The work is in standard four-movement form:

=== I. Vivace con brio ===
The first movement is a sonata-allegro form in 3/4 time, dominated by a motif established in the opening bars and consisting of two descending pairs of notes, firmly establishing the home key by using only notes in the D major triad.

The exposition is marked for repeat, as are the development and recapitulation. The development begins with a repetition of the exposition's ending, but on unison Cs in the woodwinds and strings. The Cs come as a surprise to the listener: the note does not appear at all in the exposition. The rest of the development consists mainly of sustained notes for the woodwinds and opening descending pairs of notes in three-part counterpoint in the strings. In the recapitulation, the second half of the first theme group is heard in canon.

=== II. Andante ===
The second movement is a double variation canon in the form ABA_{1}B_{1}A_{2}, beginning and ending in the minor. The minor episodes are in double-inverted counterpoint, while the major episodes are homophonic.

=== III. Allegretto ===
The third movement returns to the major key in a minuet with trio.

As something of a surprise, fairly unusual in Haydn's symphonic minuets, "a coda which is immensely affirmative" is added for the da capo repeat of the minuet.

=== IV. Allegro con brio ===
The final movement, in D minor, is structured in an ABABA form. The A section begins hesitantly with a five-note motif of repeated Ds, initially pianissimo, but quickly erupting into a "triple [two-part] fugue of real power."
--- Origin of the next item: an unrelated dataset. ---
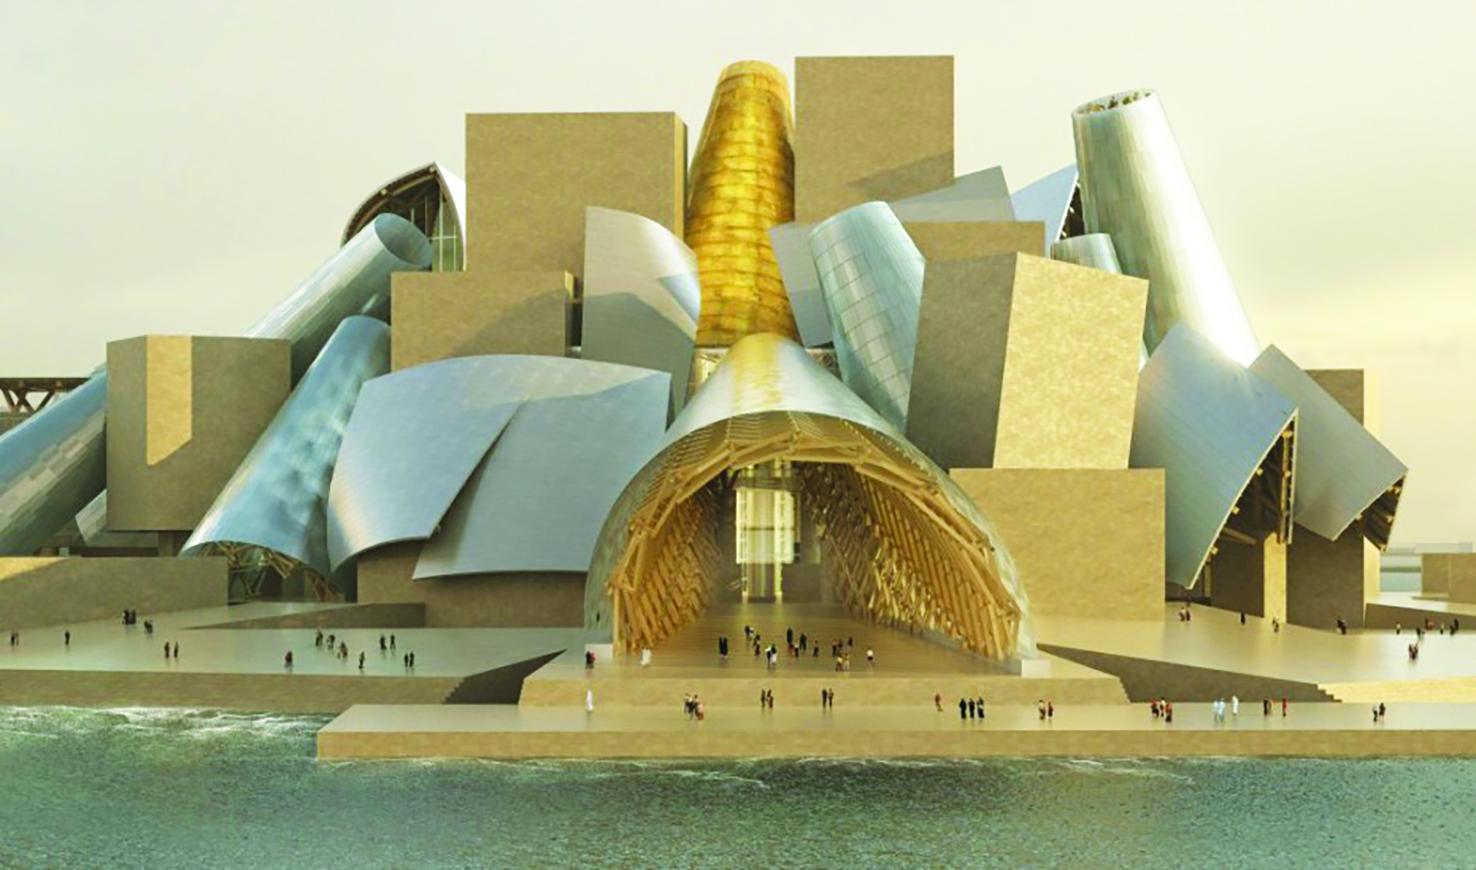 Abu Dhabi Guggenheim Abu Dhabi

The B section is contrapuntal, with a singular theme somewhat based on the A section motif, and beginning with a fugue-like opening. This is developed at length and then winds down, leading to a short restatement of the A section and an even shorter restatement of the B section. The movement finishes with a playfully modified version of the A section in D major, ending on a single tonic note tutti. As all of the movements have the same tonic, the work is homotonal.

==Editions==

The Cianchettini & Sperati edition of 1807 bears a dedication to the Prince of Wales; however, it omits the trumpet and timpani parts, and presents the bassoon part for three of the movements as an appendix. The edition looks like a handwritten score rather than an engraved score, but the Minuet is presented as an appendix (with bassoon part) with an engraved look contrasting with the rest of the score. Stems for half notes face the opposite of the usual direction and the dots for dotted notes are placed farther away than is customarily normal, except for dotted half notes crossing the barline which are presented as is now customary.

A more modern edition of the score comes from the Haydn-Mozart Presse in Salzburg, edited by H. C. Robbins Landon. An engraved score, it is more modern in its notation but it employs the archaic shortcut for dotted notes across barlines in which instead of a tie to a quarter note only a dot appears. More confusingly, the coda of the minuet has the annotation "Fine II" under its final barline, while the ending of the first go-round at the minuet is labelled "Fine I" even though it is also supposed to be played in the da capo. No metronome markings are provided but the duration of the work is given as "ca. 22 Min."